It’s a smart move that should pay dividends for years to come for YouTube. That habit-forming thing starts early. A generation of kids raised on mobile devices, many of them watching YouTube Kids, makes for a compelling advertising platform, especially if YouTube takes the high road on content, advertising and safeguards.

Forever, it seems, people have wondered why YouTube didn’t break itself into smaller pieces like this new initiative represents.

And not forever, but for sometime now, it has been doing that but without a grand announcement that it is the overall plan. Its Google Preferred list of channels has been around for advertisers since last summer, as a select group of YouTube sites that enjoy good content and high traffic.  

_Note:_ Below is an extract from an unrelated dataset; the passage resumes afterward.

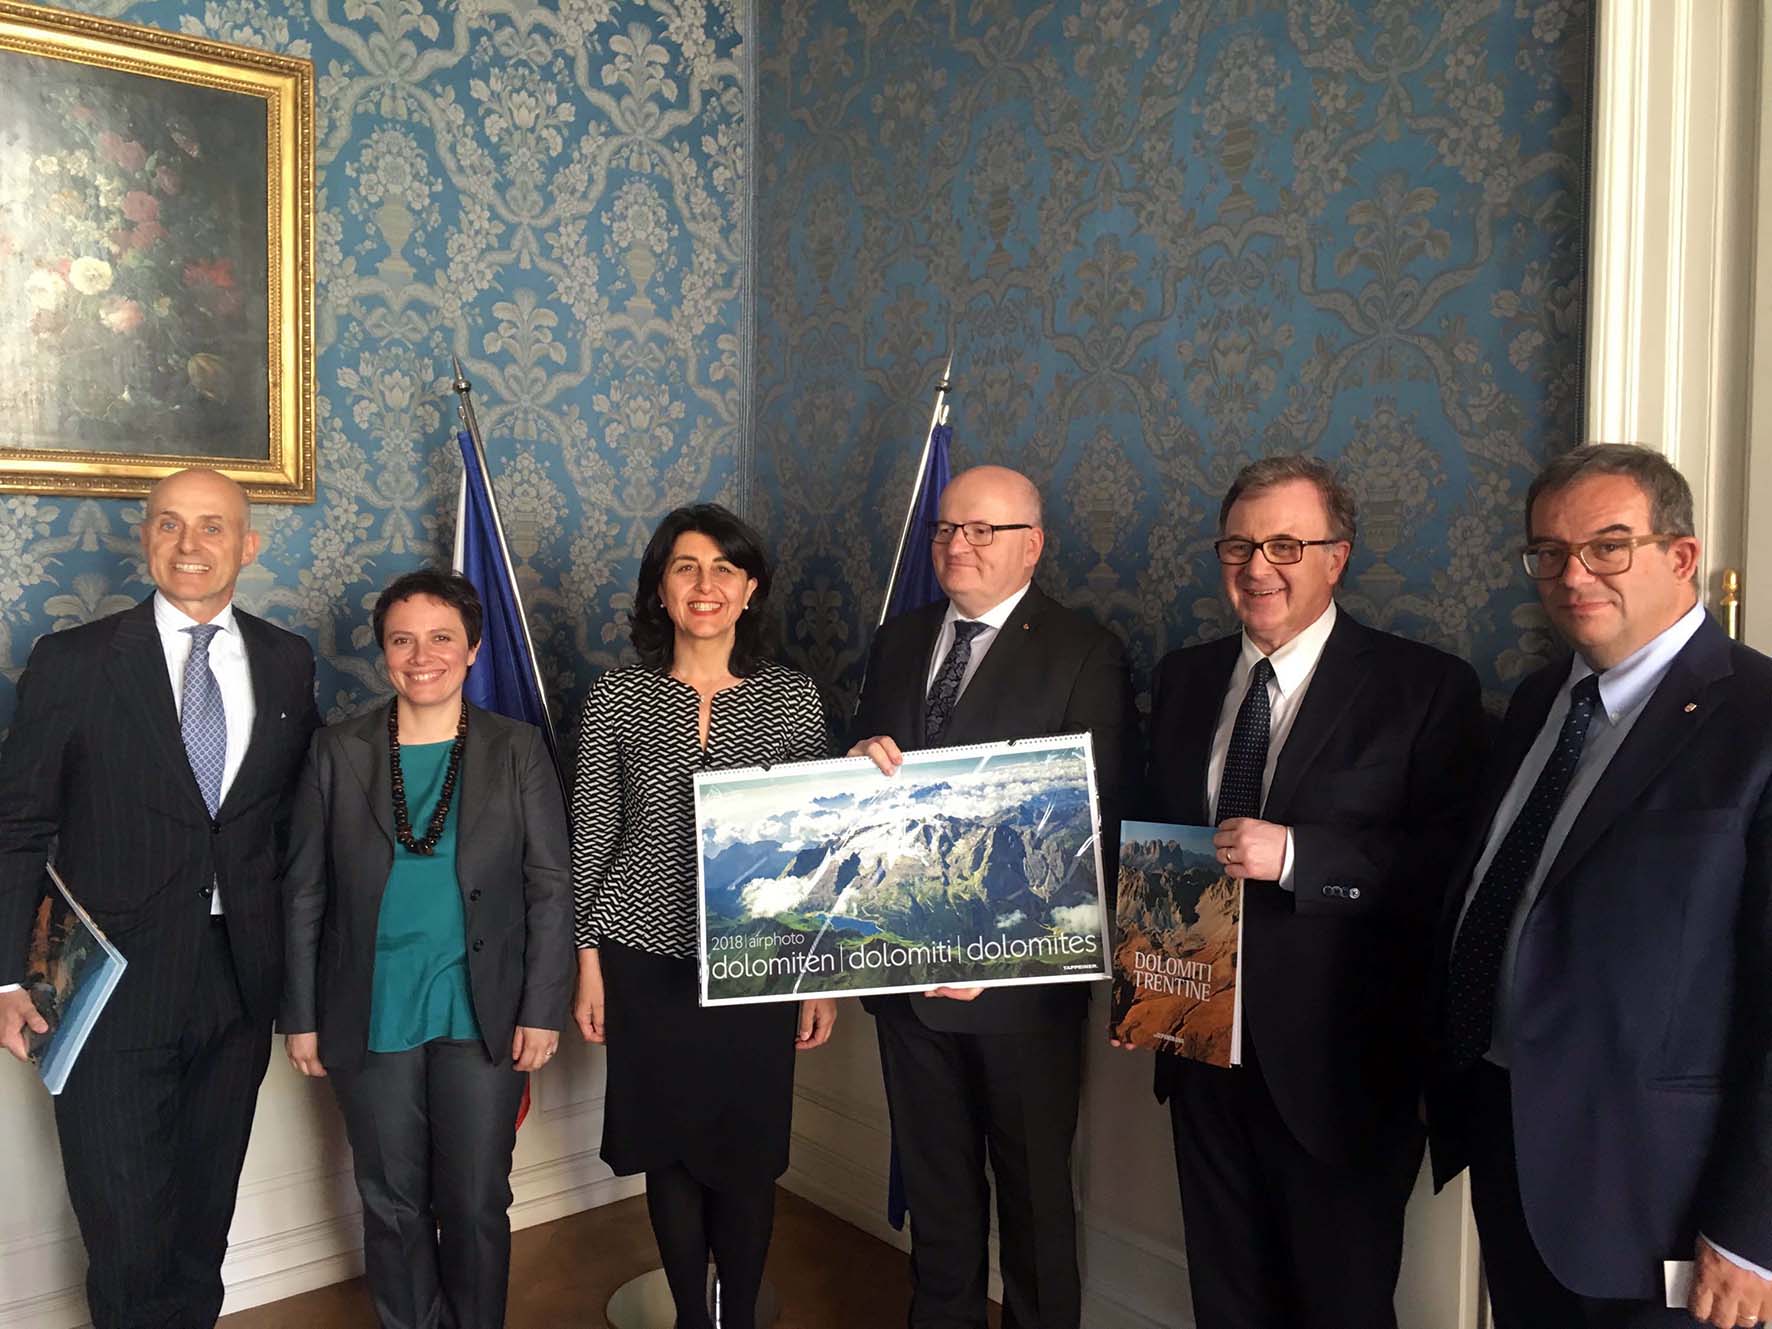 Mariagrazia Santoro pres Fondazione Dolomiti UNESCO con Mauro Gilmozzi incontra Daniel Herman Min Cultura Rep Ceca Praga

As a consumer, if you search, you can find its “preferred lineup” in a lot of categories, which include science and education, news, parenting and family and even “weightlifting, workouts and wellness.”  

As advertisers put a premium on premium content, YouTube is smart to lift out the best of what it offers; it’s surprising, though, that it does such lackluster marketing of it.  

It also launched its MusicKey service late last year, repackaging and enhancing a big category on YouTube. It was introduced at $7.99 a month, but will be sold for $2 more than that when it goes wider. It gives access to Google Play, offline caching and other features, and it’s ad free. That’s why you’re paying.

The mobile and app gateway to content is obviously huge. So is the opportunity for the rather ungainly YouTube to segment itself into a bunch of apps, and not necessarily even keeping the YouTube brand in the names for those.

For as long as YouTube has been around, it’s been associated with user-generated content, the least ad-worthy but arguably the most controversial part of that massive YouTube universe. But as the online video audience really matures and also heads for an OTT life on big screen TVs in living rooms, it’s easy to imagine a time when YouTube becomes a many splintered thing. It’s starting with the kids.